Give back every line of the data exactly. Pictures are not part of the copy.

## Data section

#####

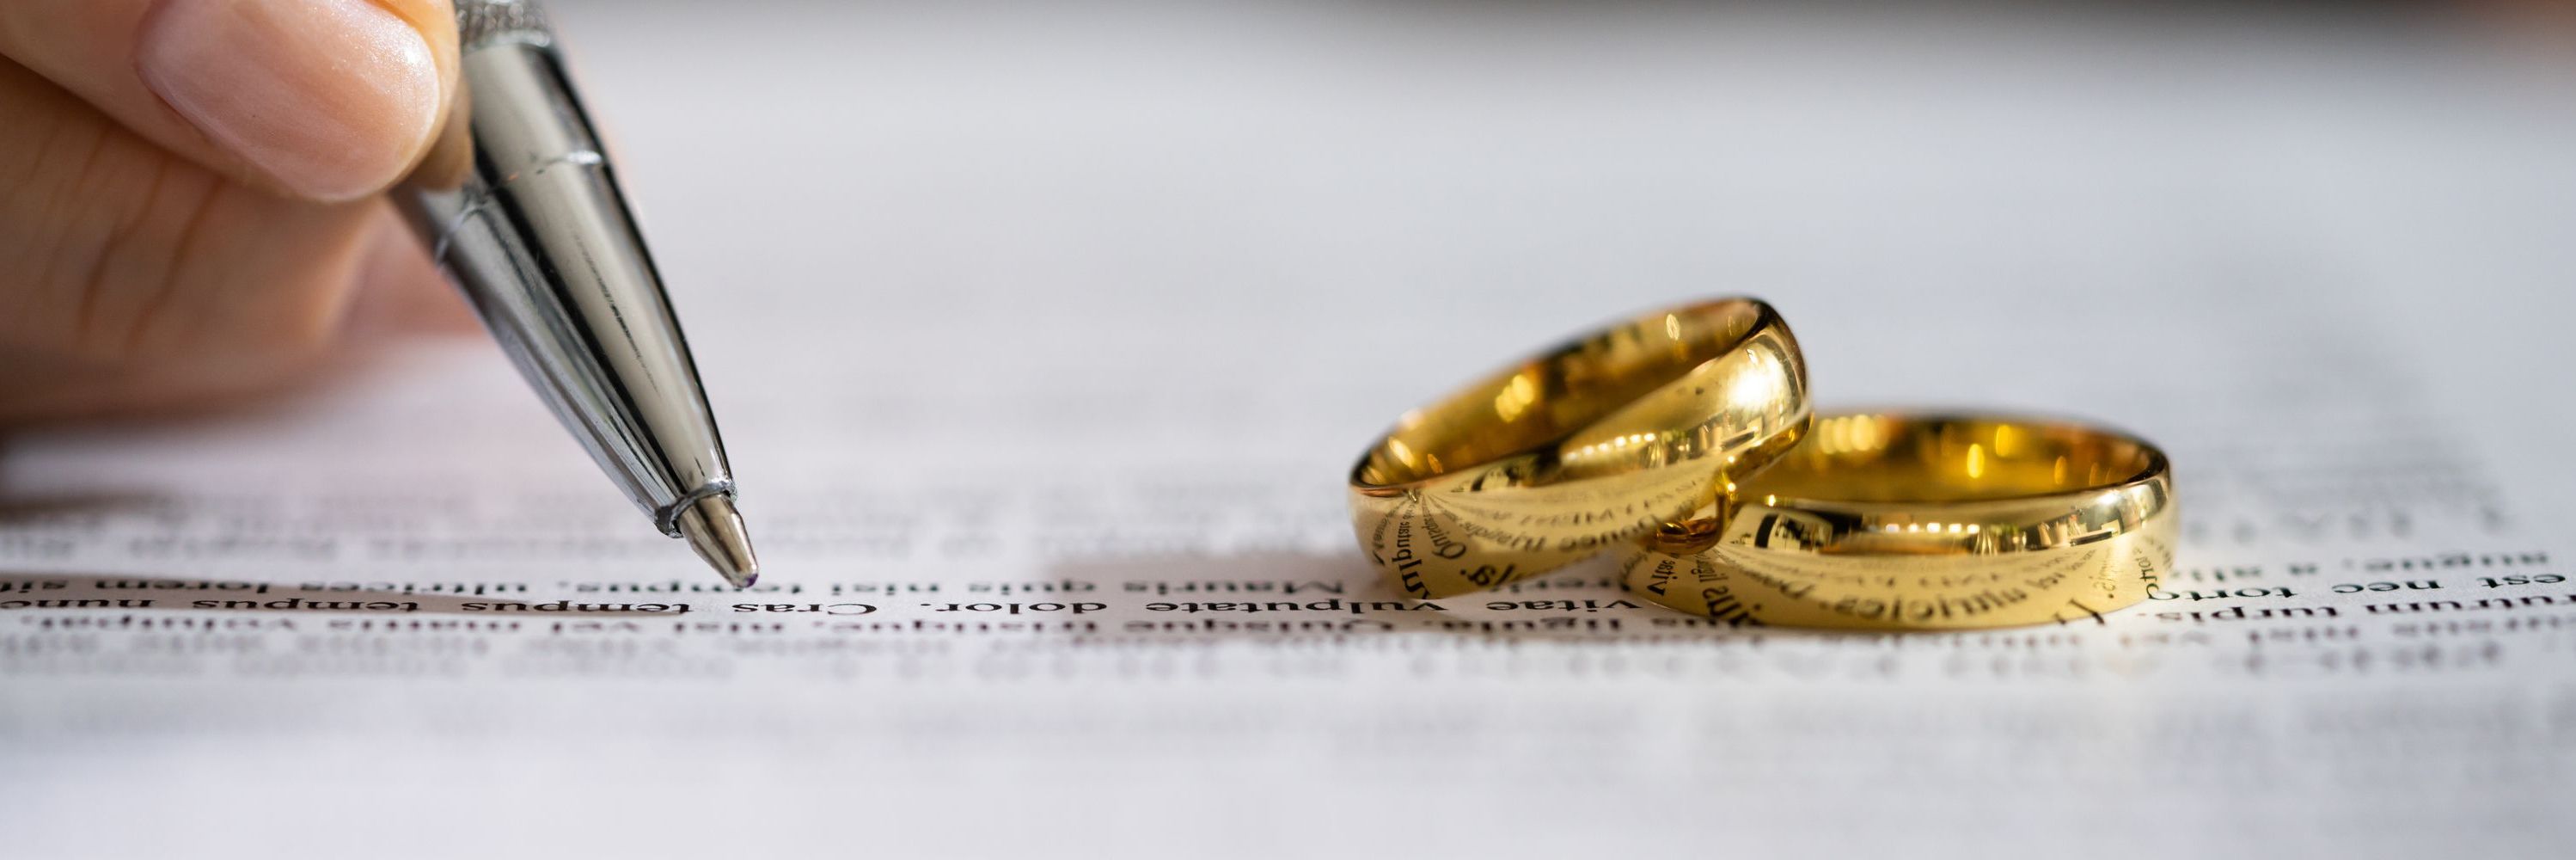 Small Money Divorce Cases - Guidance & Top Tips for Family Lawyers 
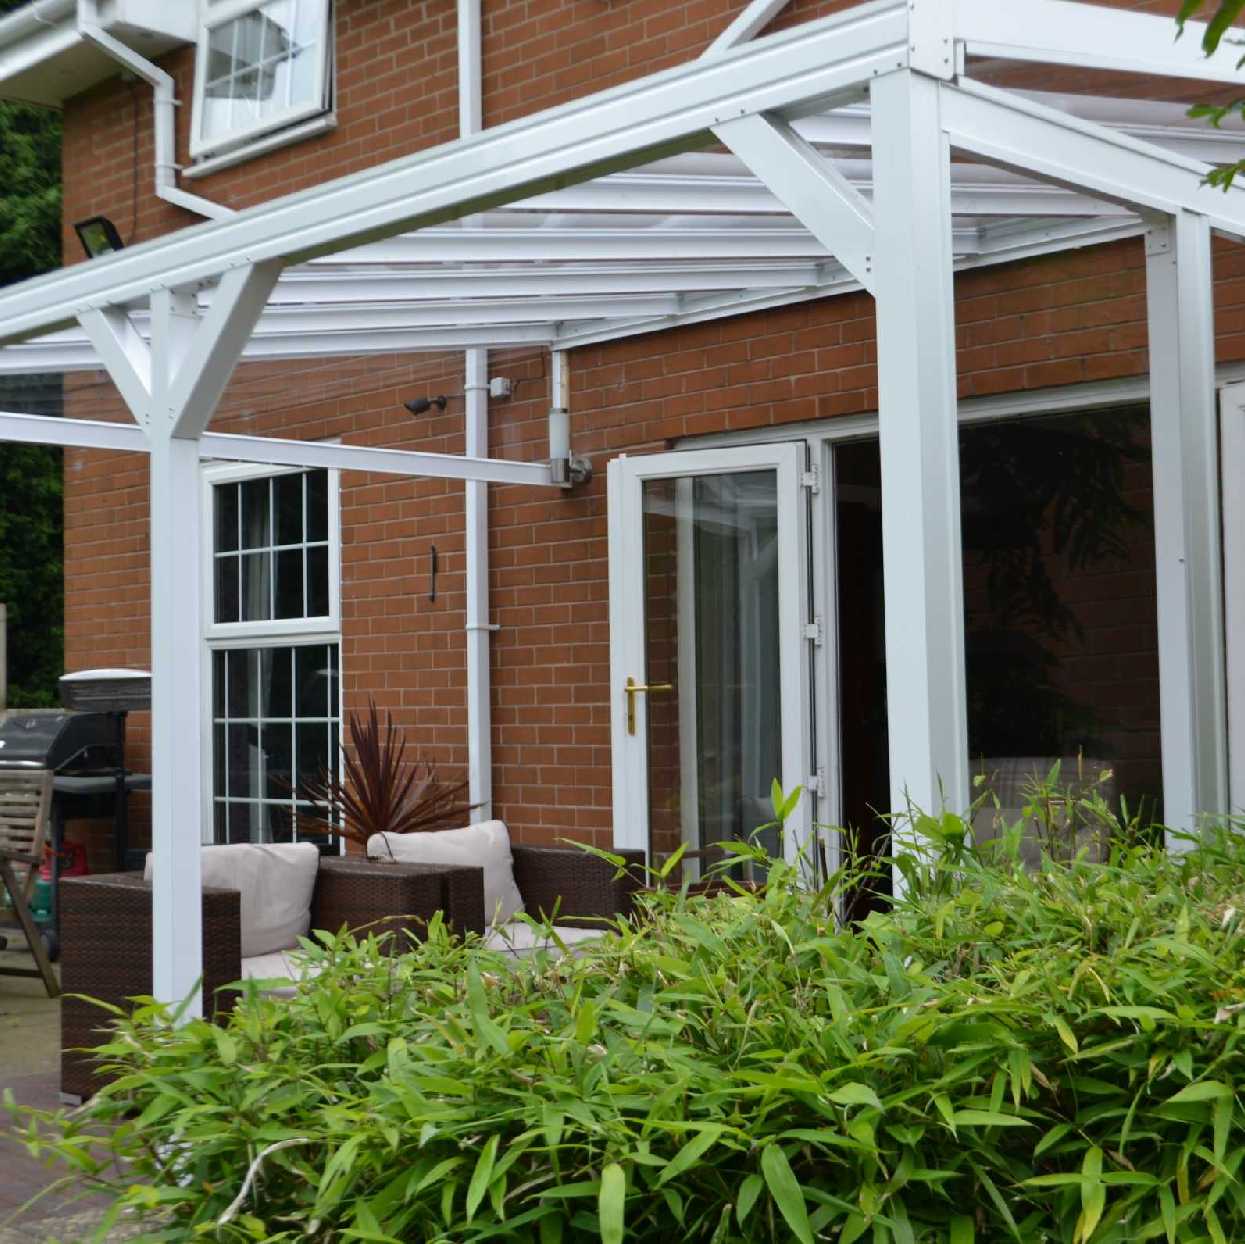 Omega Smart Lean-To Canopy, White with 6mm Glass Clear Plate Polycarbonate Glazing - 9.1m (W) x 2.5m (P), (5) Supporting Posts from Omega Build
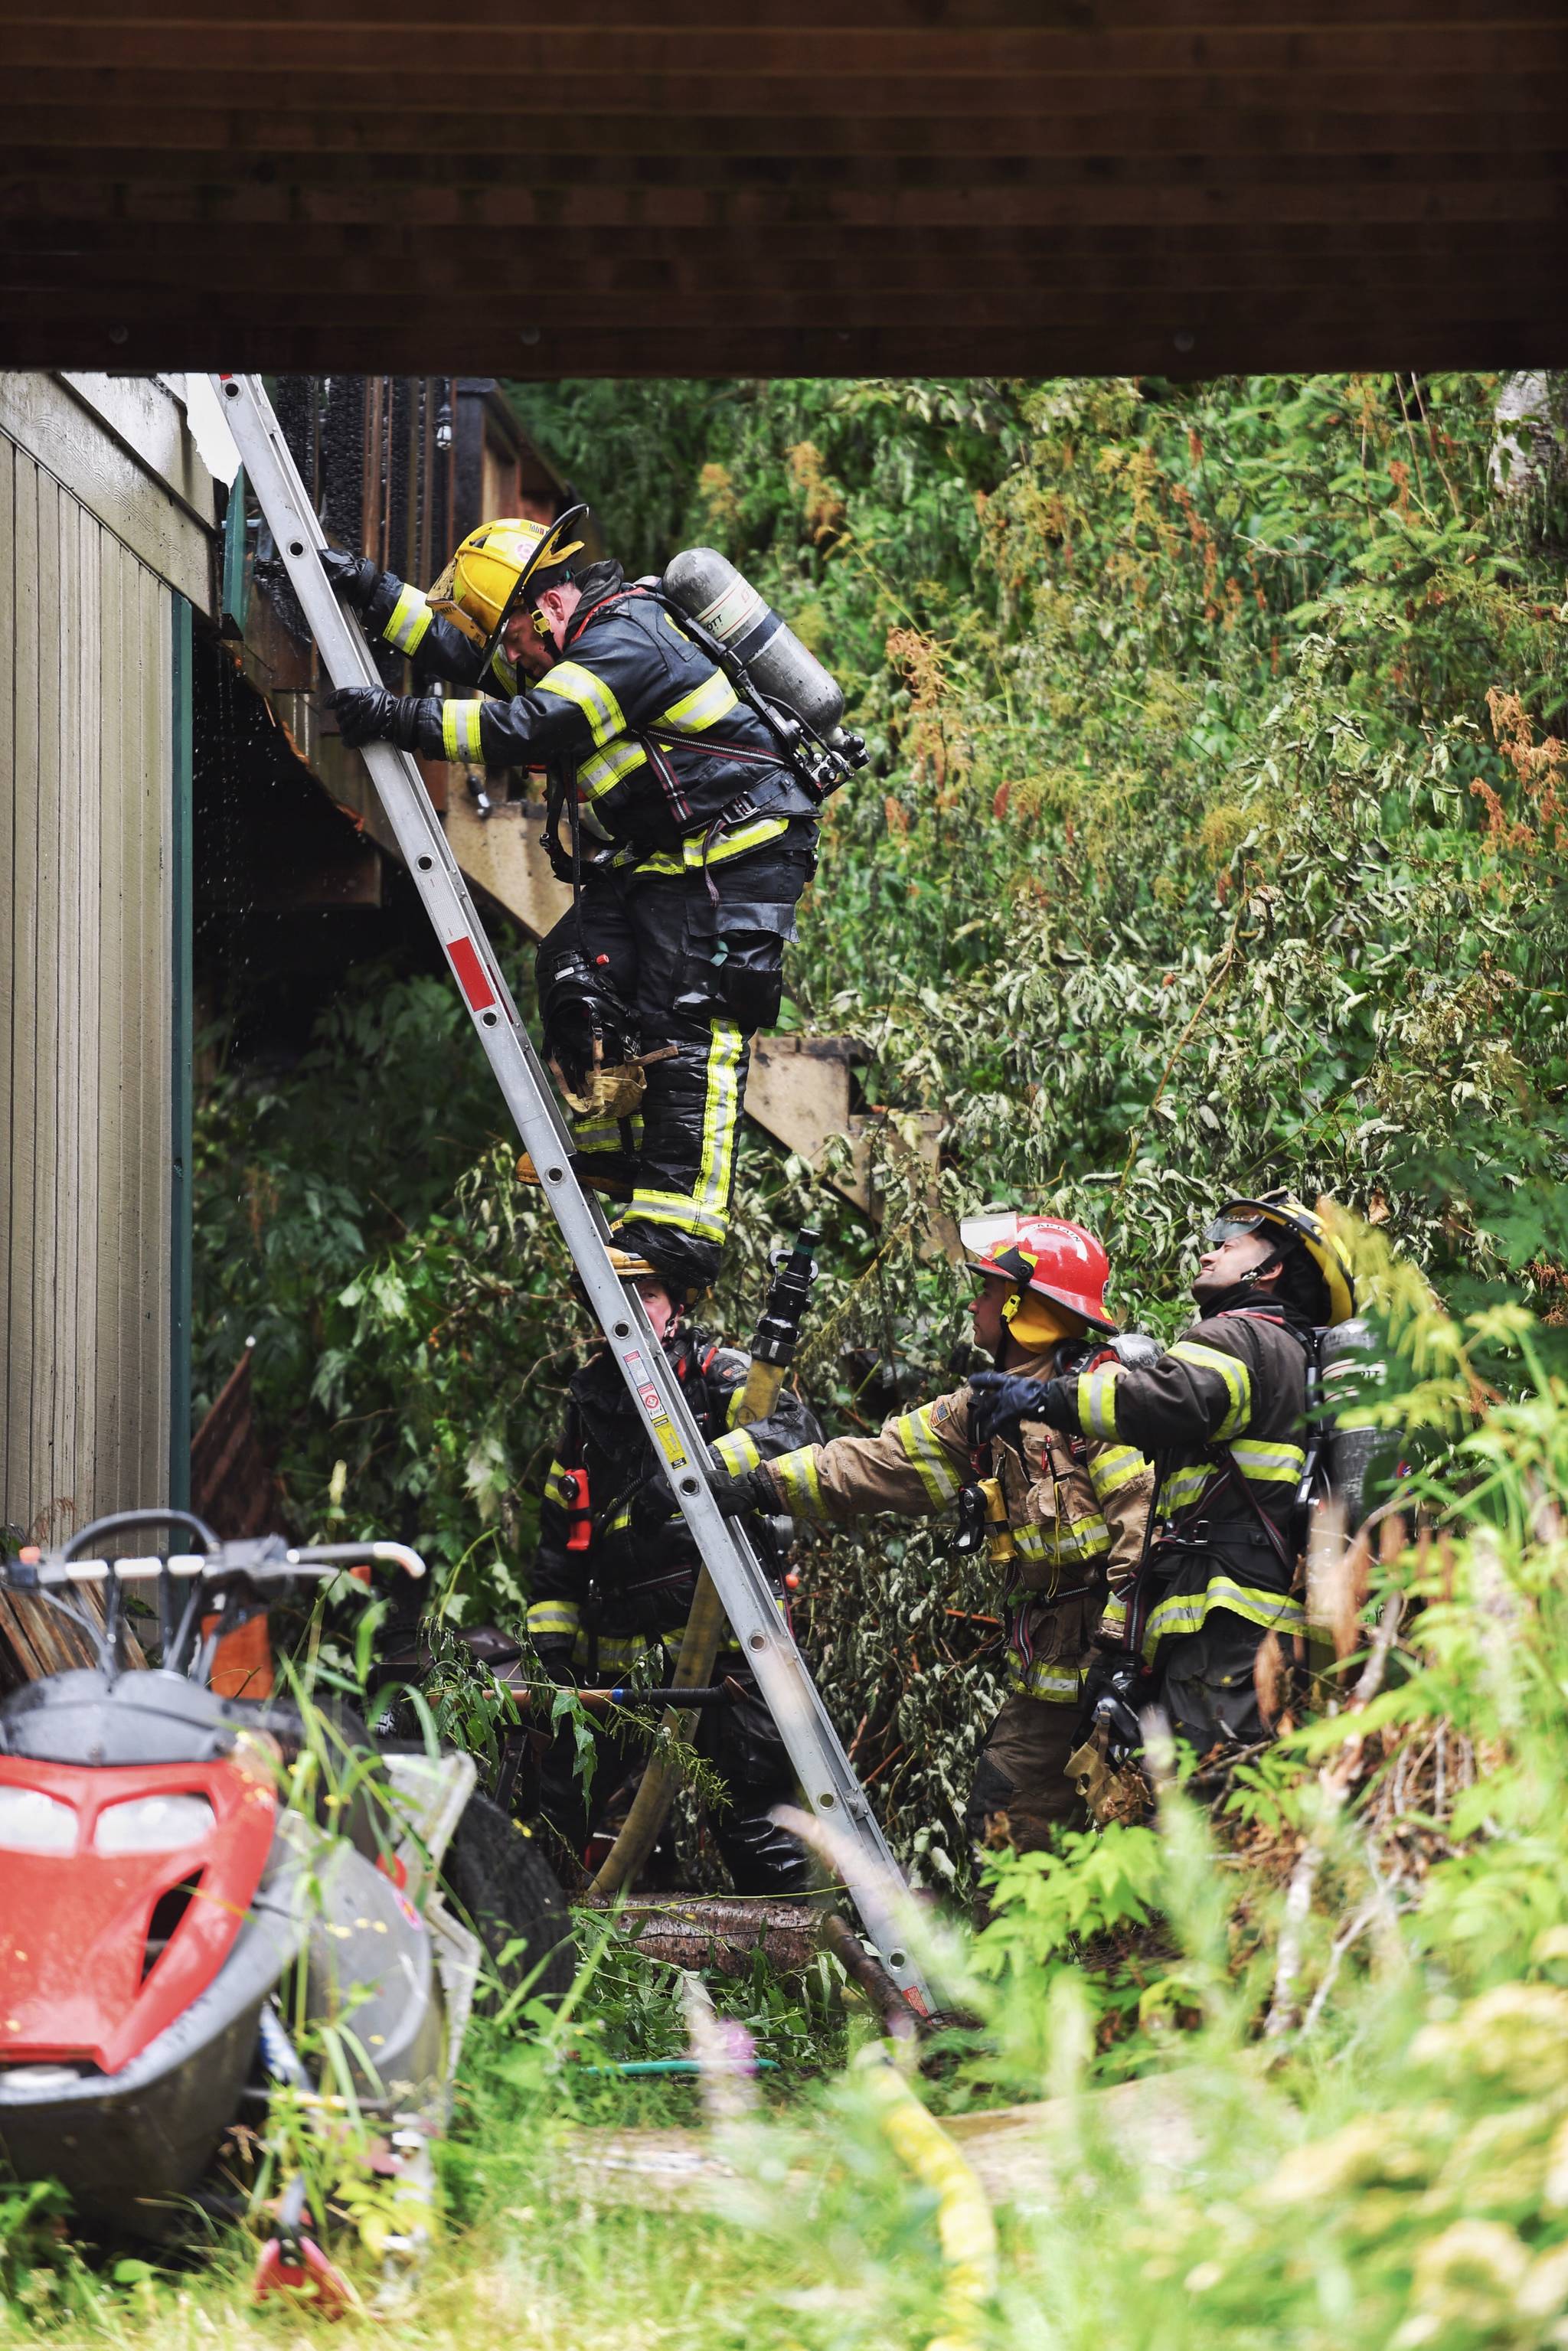 Capital City Fire/Rescue responds to a house fire at 2999 Foster Avenue on Thursday, July 11, 2019. (Michael Penn| Juneau Empire)

#####

## Written reply
 Small Money Divorce Cases - Guidance & Top Tips for Family Lawyers 
 Omega Smart Lean-To Canopy, White with 6mm Glass Clear Plate Polycarbonate Glazing - 9.1m (W) x 2.5m (P), (5) Supporting Posts from Omega Build
 Capital City Fire/Rescue responds to a house fire at 2999 Foster Avenue on Thursday, July 11, 2019. (Michael Penn| Juneau Empire)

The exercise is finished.